In some nascent markets, such as Myanmar, mobile phone penetration rates have grown astronomically in a very short period of time (SIM cards now cost $1.50 – four years ago they were over $2,000), making the country seemingly ripe for technology leapfrogging. Yet, women still gather weekly in groups to meet with loan officers, discuss their businesses and receive disbursements, and pay back loans of $50 to $100. Are these women ready to leave their support groups and loan officers in favor of transacting over their phones? While technology and digitization can be a way forward, the actual adoption of technology on a large scale has not yet happened in some places and models have not yet been proven.
In China, peer-to-peer lending (P2P) has grown exponentially since 2012, helping address a huge lending gap to individuals and small businesses. Unfortunately, P2P has since suffered from issues of fraud and is viewed as a potential systemic risk to the economy if China’s growth continues to slow down and people are unable to pay back their loans. Questions remain, however, on how fast can societies adapt, which models will succeed, and for some, is there a credible substitute for the human side of banking? Which technologies and business models will withstand credit cycles, be adopted by clients, and help reach the remaining 2 billion adults who do not have access to financial services, 55 percent of whom are women?

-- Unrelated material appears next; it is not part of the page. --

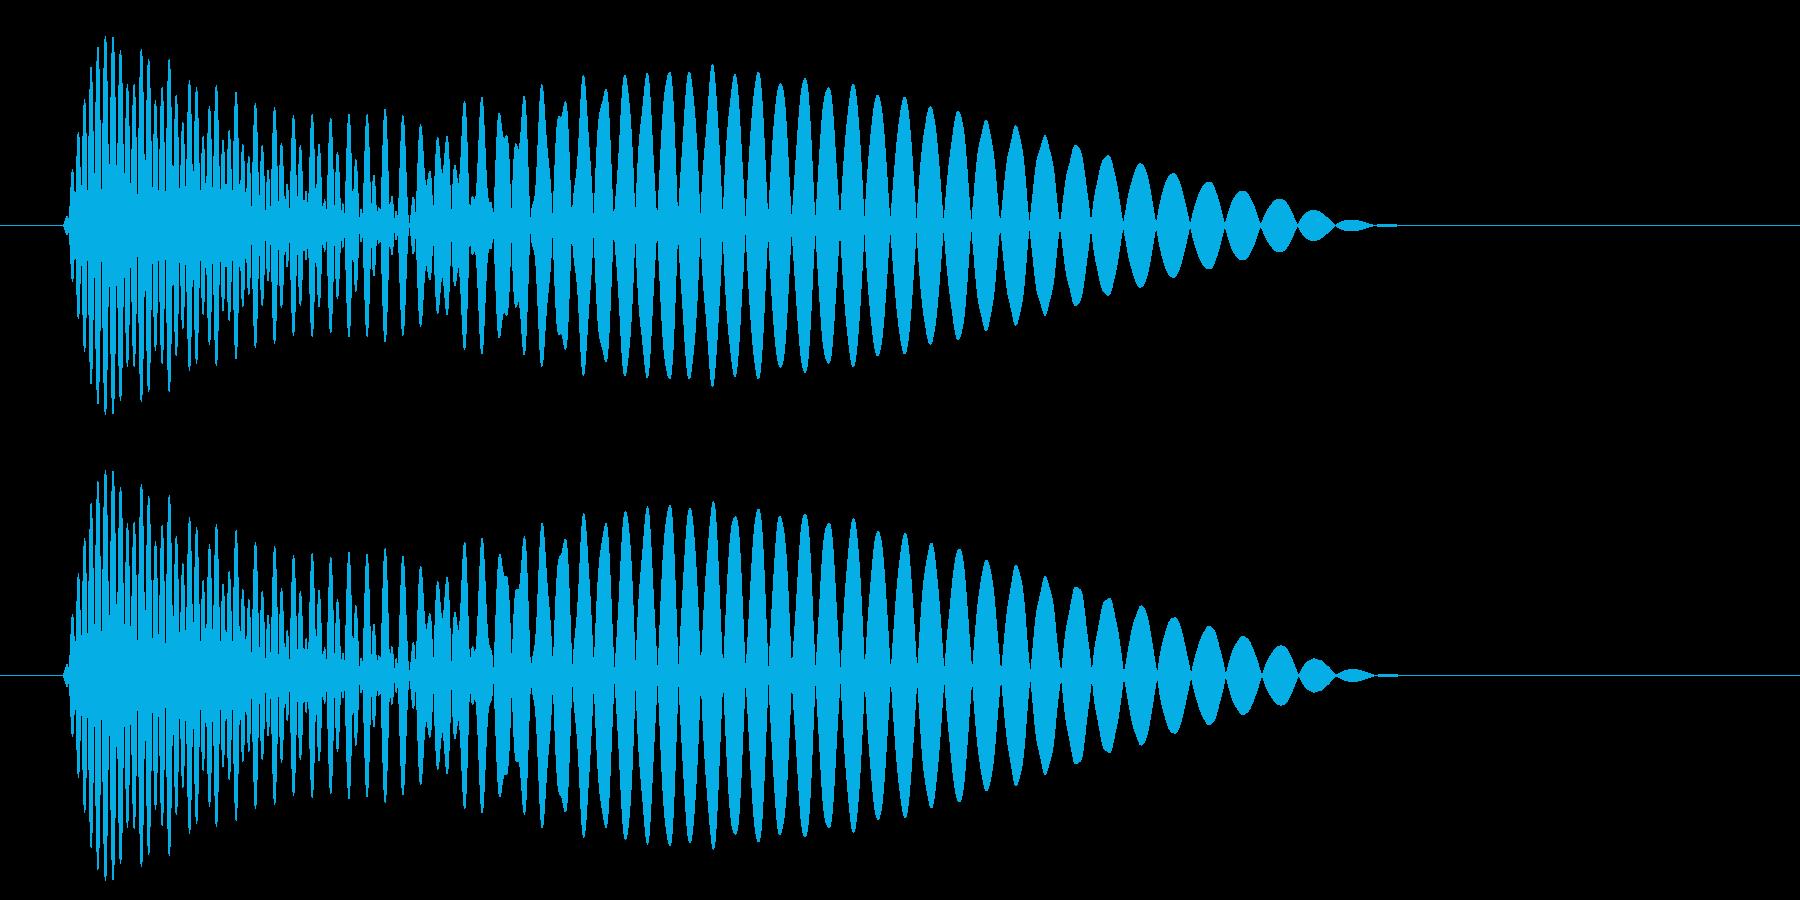 ポン、ポッという短くて低い効果音の再生済みの波形

All clients are not the same
Women are widely viewed as credit-worthy borrowers – as microfinance flourished worldwide over the last 30 years, women have generally proven to be better borrowers than men. In this context, “better borrowers” means that women are more likely to repay loans on time and use the money for productive purposes, such as investing in their businesses, their children’s education, and the family’s healthcare.
However, women are also seen as risk-averse, and perhaps don’t borrow enough to maximize growth for their business, increase returns, and build sustainable wealth. In many poor countries, women continue to pay the same interest rates as less creditworthy borrowers. In the US, we offer the best credit clients better pricing – in effect, passing along to the client some of the savings financial services companies gain in credit costs. This is the beauty of an effective, data-driven bank – unlike manufacturing companies that sell widgets, pricing can be tailored to client quality.
What if MFIs and other lending institutions were able to do the same thing in emerging markets? The best quality borrowers would have access to more capital at better rates, and lending institutions could retain these clients by recognizing their value. On the other end of the spectrum, variable pricing would allow lending institutions to offset the real or perceived risk of “thin file” clients with higher pricing.
Driving financial inclusion forward
It remains to be seen how today’s financial inclusion efforts will drive forward the actions and innovation needed to provide women with the financial services they need. The financial inclusion gender gap is about more than clients for MFIs and organizations like Accion. It is a fundamental discussion on opportunity and inclusiveness. Another 100 years to close the gap is far too long and far too costly for the world economy. Integrating education, influencing regulation, tapping into technology and serving women where and how they need to be served are just a few of the initiatives that will help make full financial inclusion a reality.